The Nicholas Flavahan Lab primarily researches the cellular interactions and subcellular signaling pathways that control normal vascular function and regulate the initiation of vascular disease. We use biochemical and molecular analyses of cellular mediators and cell signaling mechanisms in cultured vascular cells, while also conducting physiological assessments and fluorescent microscopic imaging of signaling systems in isolated blood vessels. A major component of our research involves aterioles, tiny blood vessles that are responsible for controlling the peripheral resistance of the cardiovascular system, which help determine organ blood flow.

Ion channels are pore-forming membrane proteins gating the flow of ions across the cell membrane. Among their many functions, ion channels regulate cell volume, control epithelial fluid secretion, and generate the electrical impulses in our brain. The Qiu Lab employs a multi-disciplinary approach including high-throughput functional genomics, electrophysiology, biochemistry, and mouse genetics to discover novel ion channels and to elucidate their role in health and disease.
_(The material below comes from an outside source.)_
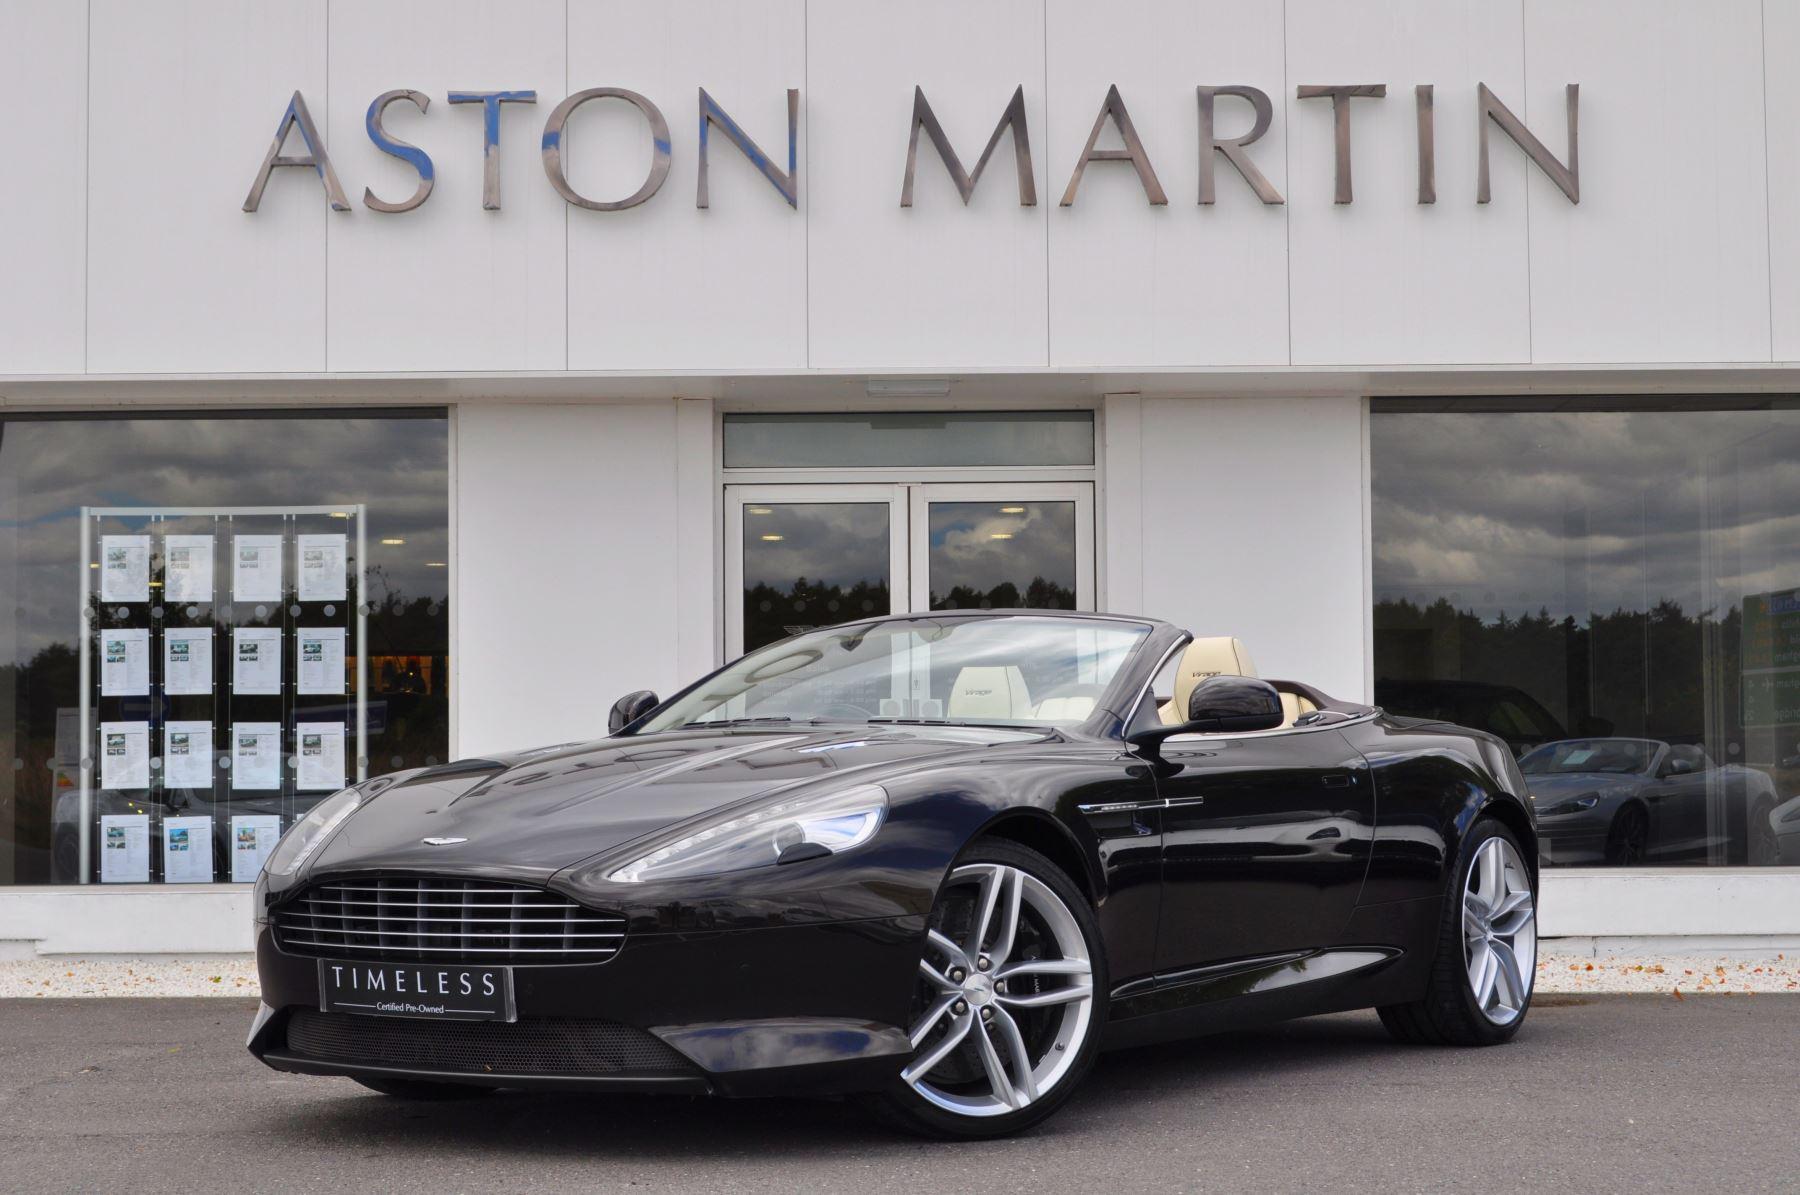 Aston Martin Virage V12 2dr Volante Touchtronic 5.9 Automatic Convertible (2012) image

Research in the Nicola Heller Lab focuses on the immunobiology of macrophages. Our team explores how these cells impact diseases with an inflammatory element, such as cancer, cardiovascular disease and obesity. Using a variety of techniques, including molecular and cellular biology, biochemistry, mouse models and more, we study the role of IL-4/IL-13 signaling in asthma and allergic disease, as well as the role of alternatively activated macrophages (AAM) in the pathogenesis of allergic inflammation. Currently, we are researching the links between asthma and obesity, with a focus on the roles of gender and race.